一時は交流が途絶えるかに見えたシュウとキャサリン。
キャサリンのコメントを消さなくなっていたシュウこと秀一郎
そして秀一郎のブログにコメントを書くことが嬉しくて仕方ない
キャサリンこと幸子。
しかし、秀一郎と幸子は以前のようにいかない。
なぜなら見合いをしたので答えを出して二人の関係をはっきり
させなければいけなかったからである。
「幸子あんたこの前やった見合い、返事どうするの?」
「いい加減返事しないと・・・・・」
見合い担当の松宮祥子から再三に渡り返事を聞かれていた
母親の広瀬芳江はいつまでも答えを出さない幸子にしびれを
切らせ娘 幸子のマンションまで来ていた。
見合いをした日からすでに2週間が経過していた。
幸子は迷っていた、確かにブログ友のシュウは自分にとって
特別な存在であると気づきはしたし好きだった。
収入の低い秀一郎だから迷っていたのではなく幸子は彼の
一部しか知らない、もっと彼のことが知りたいと考えていた。
20代の時ならば何も考えずに飛び込んでいけたかもしれない
だが30代の幸子は企業家でもあった。
「何を悩んでるの?答えはイエスかノーのふたつしかないの」
母 芳江は言った。
「う~~ん、そうなんだけど。
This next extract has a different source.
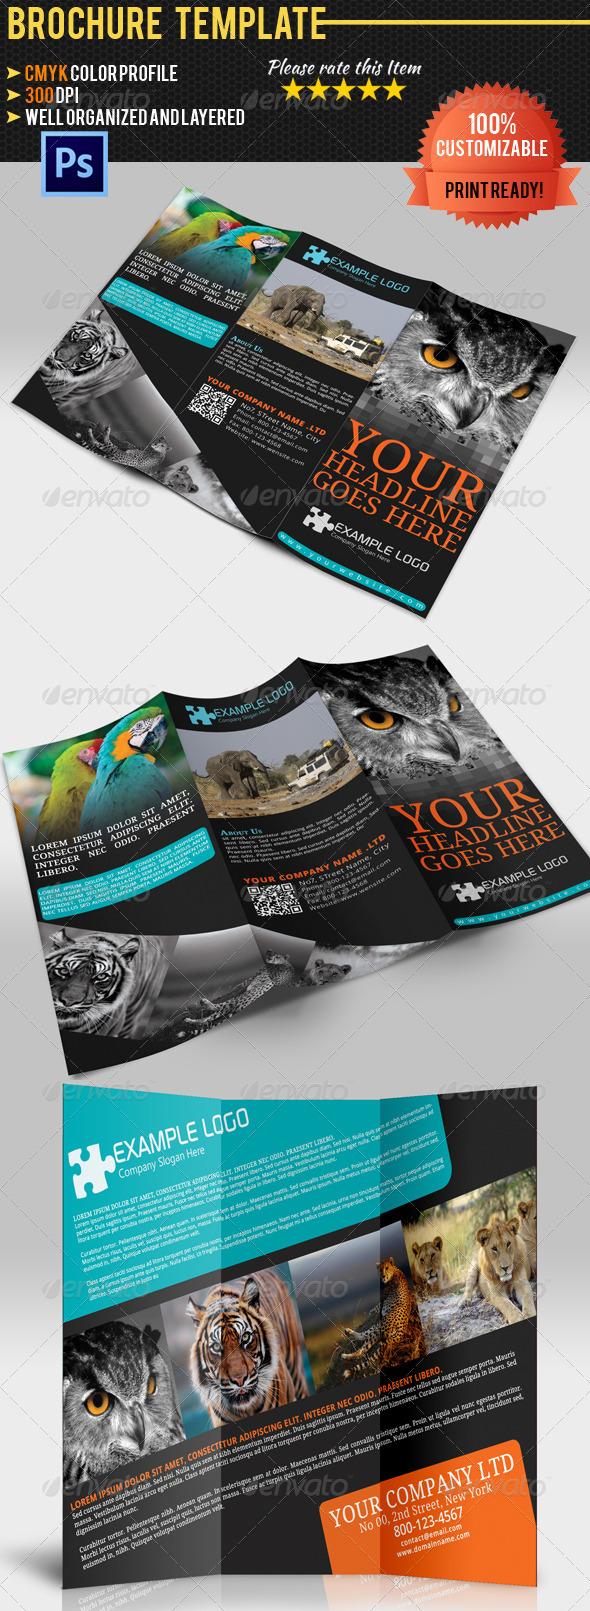 GraphicRiver Adventure Travel Brochure Templatre 4727926

彼のことをもっと知りたいし」
短い時間の中で答えを出すのが見合いである。
しかし幸子はその時間内で答えを出すことが出来ない。
そこで迷っていたのだ
「ねぇ幸子、知らなかったらつきあって知ればいいじゃない」
「え?つきあってみてからでいいの?」
わが娘ながらオクテで実行力に欠ける幸子に苛立ちを覚える
母。秀一郎の携帯電話番号も知っていながらなぜ会った事
がないと考えたからである。
「彼に会ってきなさい!一日だけ猶予を与えるから」
「一日だけじゃ無理だよ~~」
大体見合いというものは一日で決断するのが常識なのに
もう一日足して合計2日そこまで母は譲歩した、それなのに
天然ボケのきつい娘は幸子は無理だという。
「じゃいいことを教えましょう、以前韓国ドラマで見たんだけど」
「わたし・・・・・韓国ドラマって見たことないし。」
「いいから黙って聞きなさい!!!」
「でドラマで男性が意中の女性に一日だけ時間をくださいと
言ったのだけどね、どうしたと思う?」
「朝8時から夕方5時までかしら」
「それは会社の就業規則だ!!」
陳腐な答えしか考えつくことが出来ない娘を情けなく思う母
”よくそんな考えしか浮かばないのにデザインの仕事できるな”
と思いもしたが話を続ける。
「そして男性は夜中の0時に迎えに行くと言い残し女性と
別れた。女性はなんでそんな時間にと思っていたけど
約束したから深夜0時に自宅で待っていたんだよ」
「デートしてると楽しくて時間はあっという間、気づいたら
夜10時だった。だがまだデートは終わらない!だって
深夜0時になるまで一日じゃないから」
「ほうそんな考え方もあるんだね。わたしには無理だ・・・」
”まったく、、この娘は”
”人がせっかくアイデアを教えてあげたというのに”
母の芳江は娘 幸子が暇があれば部屋でゴロゴロするのが
好きな「丸太女」だということをすっかり忘れていたのだ。
「とにかく一日だけ彼と過ごしなさい!先方にはそのように
伝えるから、そして返事は絶対に答えて貰う。」
「わかりました~~」
数日後、幸子はマンションの外で誰かを待っていた。
そこに車が止まりドアをあけて出てきたのは秀一郎、街灯だけ
が照らす道路は静まり返る、時刻は0時だった。